Working at Scam.ai wasn't just about designing another dashboard. It was about building a defense layer for digital trust. Being part of a mission to protect businesses and individuals from emerging AI threats has been incredibly rewarding. It gave me a profound sense of responsibility to ensure that technology remains a force for good.
Lead-designing in such a fast-paced, cutting-edge space was a masterclass in Agility and Cross-functional Collaboration. I learned to:
• Bridge the Gap: Effectively translating complex machine learning requirements into intuitive user experiences by speaking the same language as our ML engineers.
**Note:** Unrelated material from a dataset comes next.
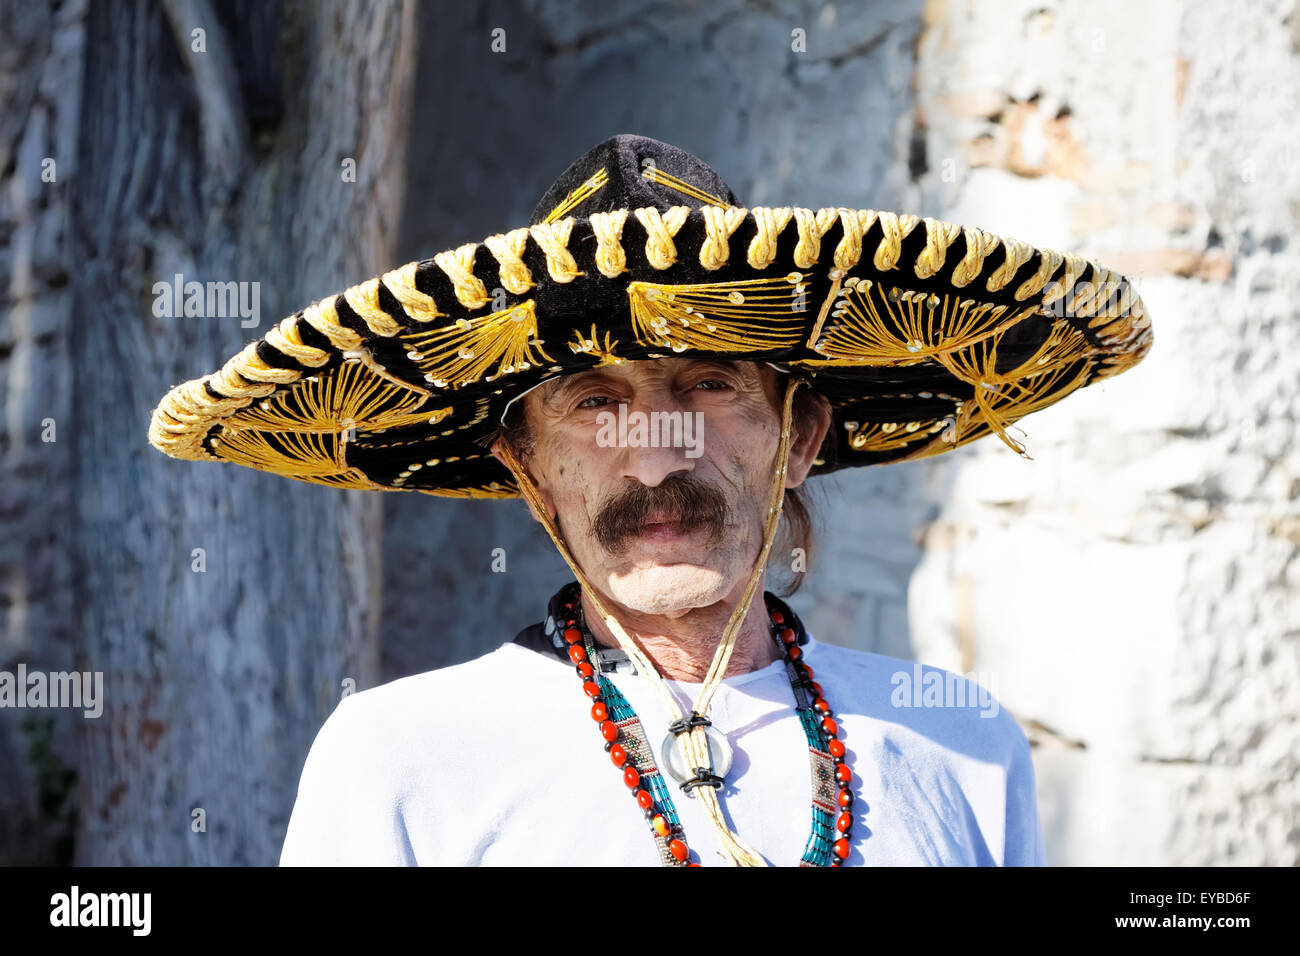 Mexican man with sombrero posing outdoor Stock Photo
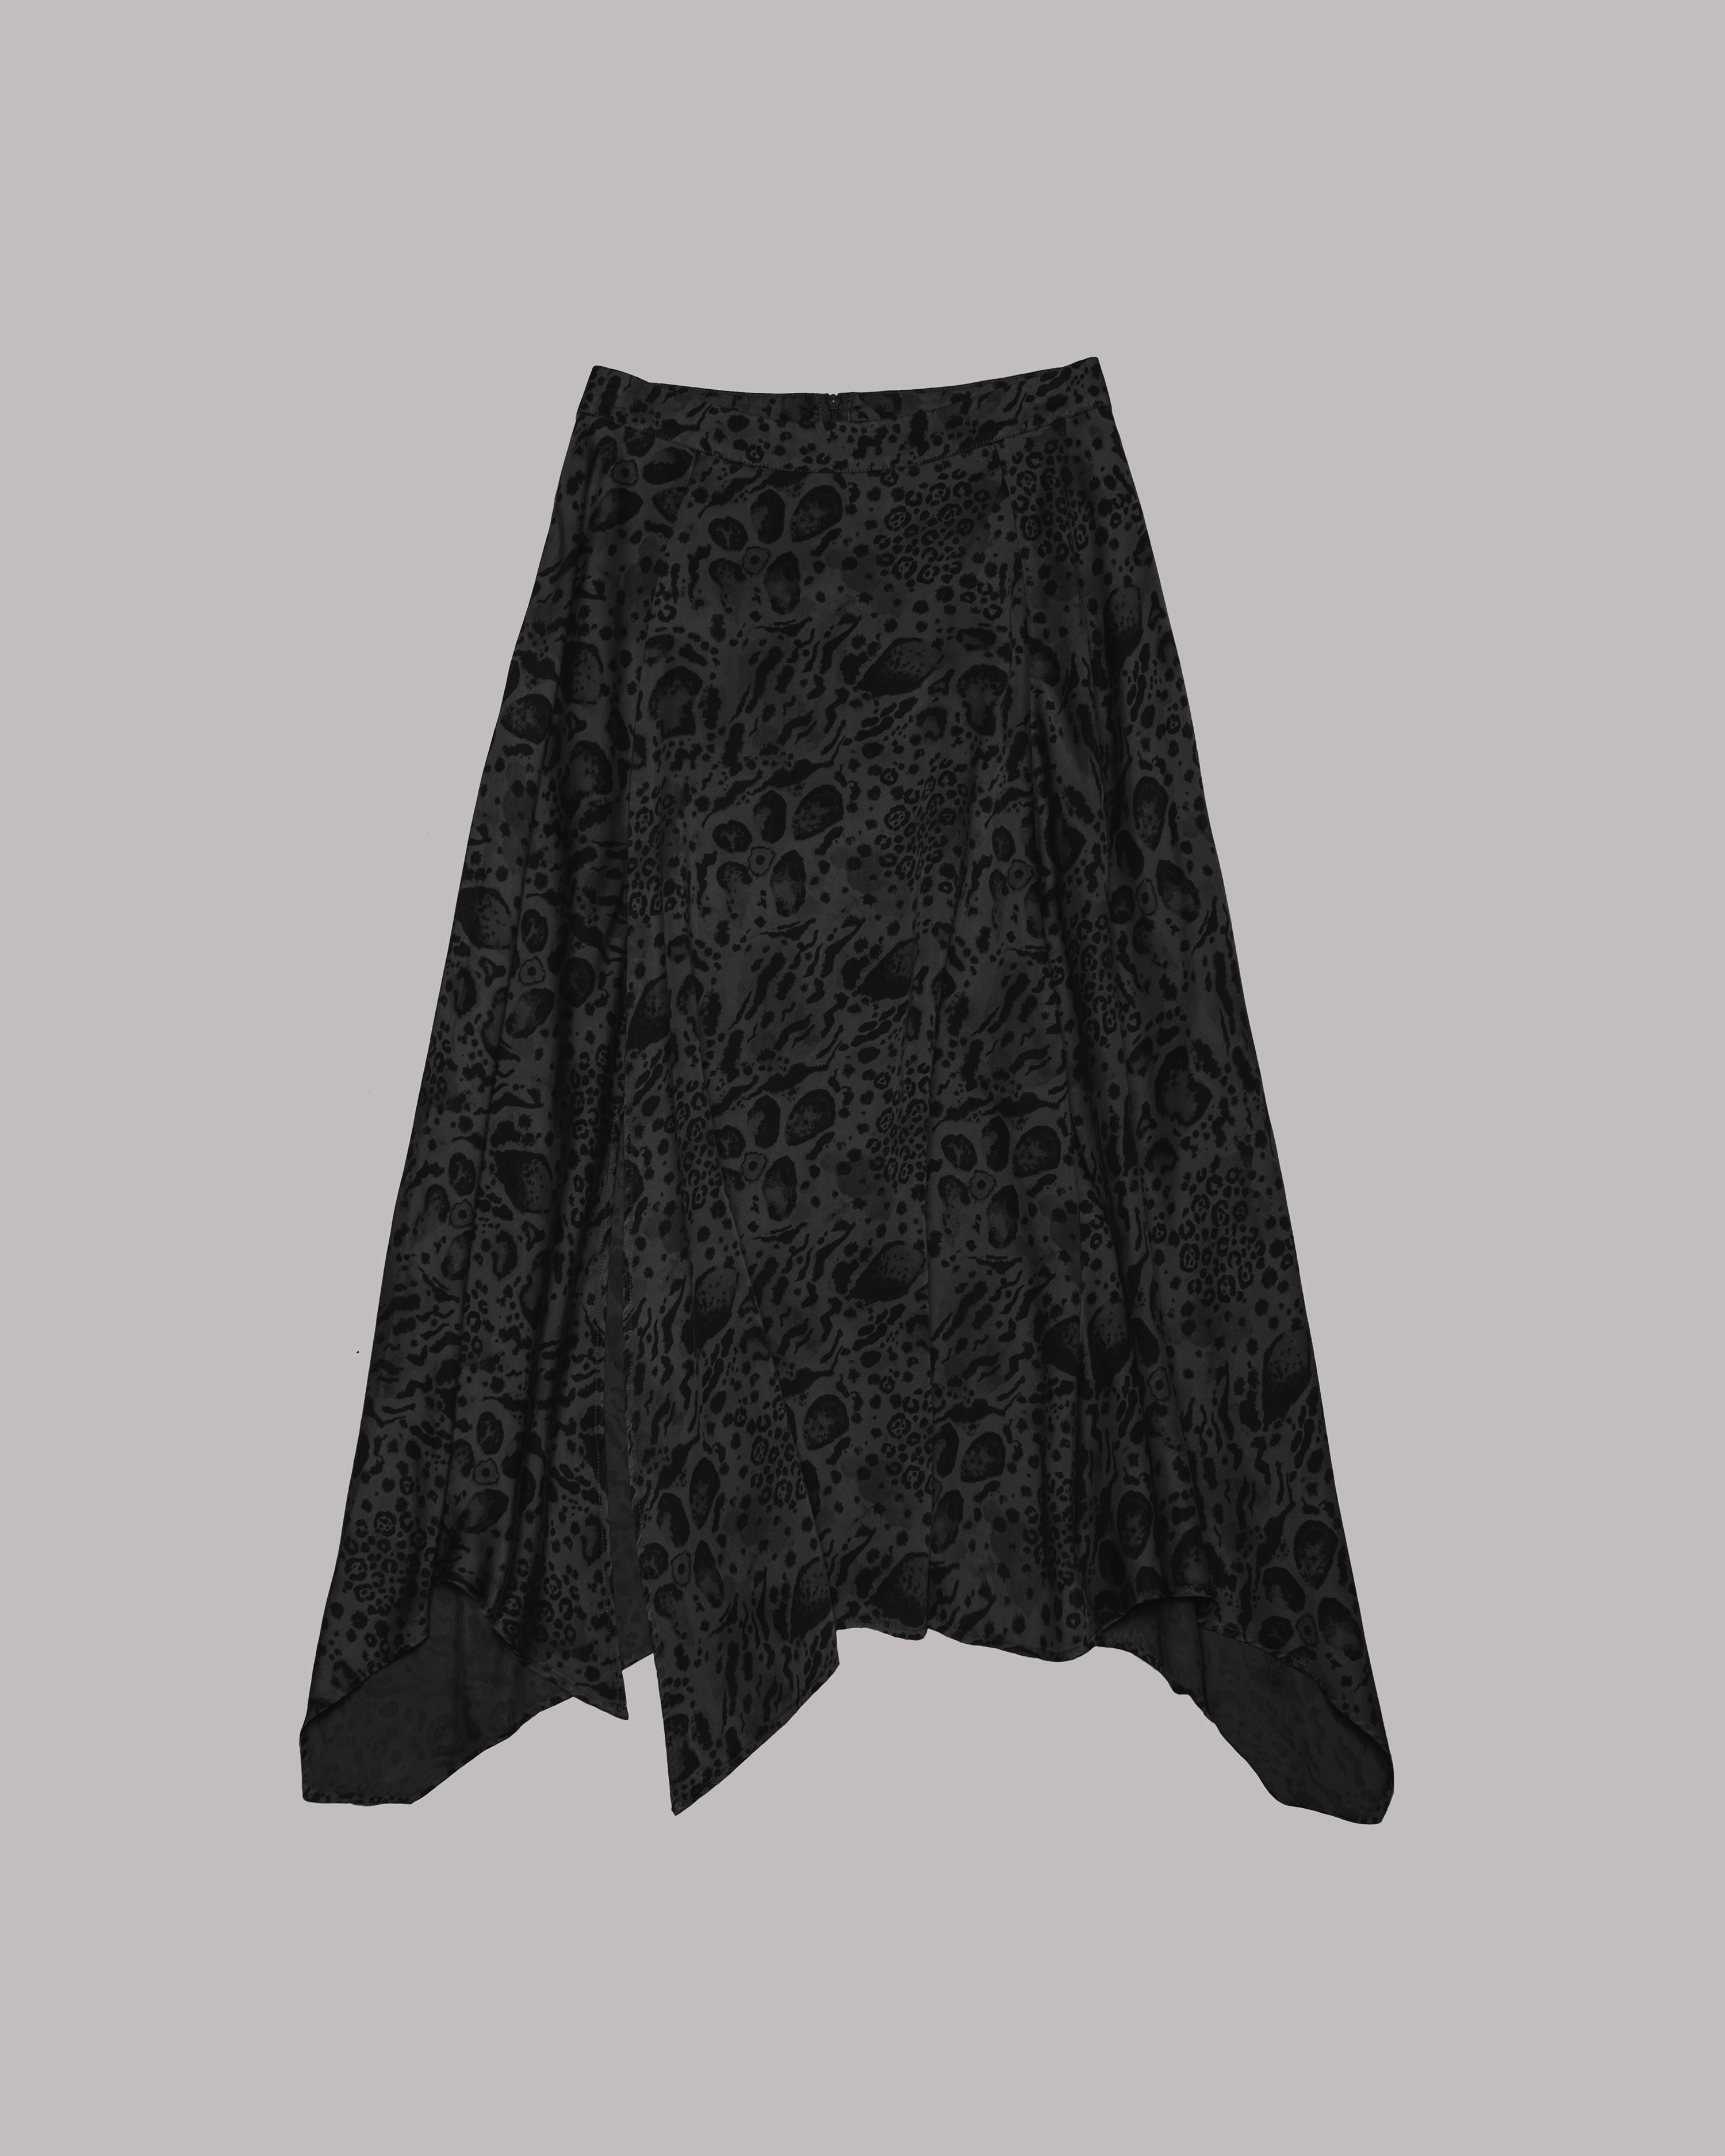 The Printed Dark Chill Skirt

• Design for Business Impact: Understanding that in a high-growth startup, design must be strategic, scalable, and tightly aligned with business goals.
• Thrive in the Fast Lane: I’ve realized that I’m at my best in high-velocity environments where rapid iteration and quick decision-making are the norms.
As I continue my journey, my goal is to remain at the forefront of Ethical AI Design. I am committed to evolving as a designer who doesn’t just build beautiful interfaces, but contributes to a healthier, more secure AI ecosystem!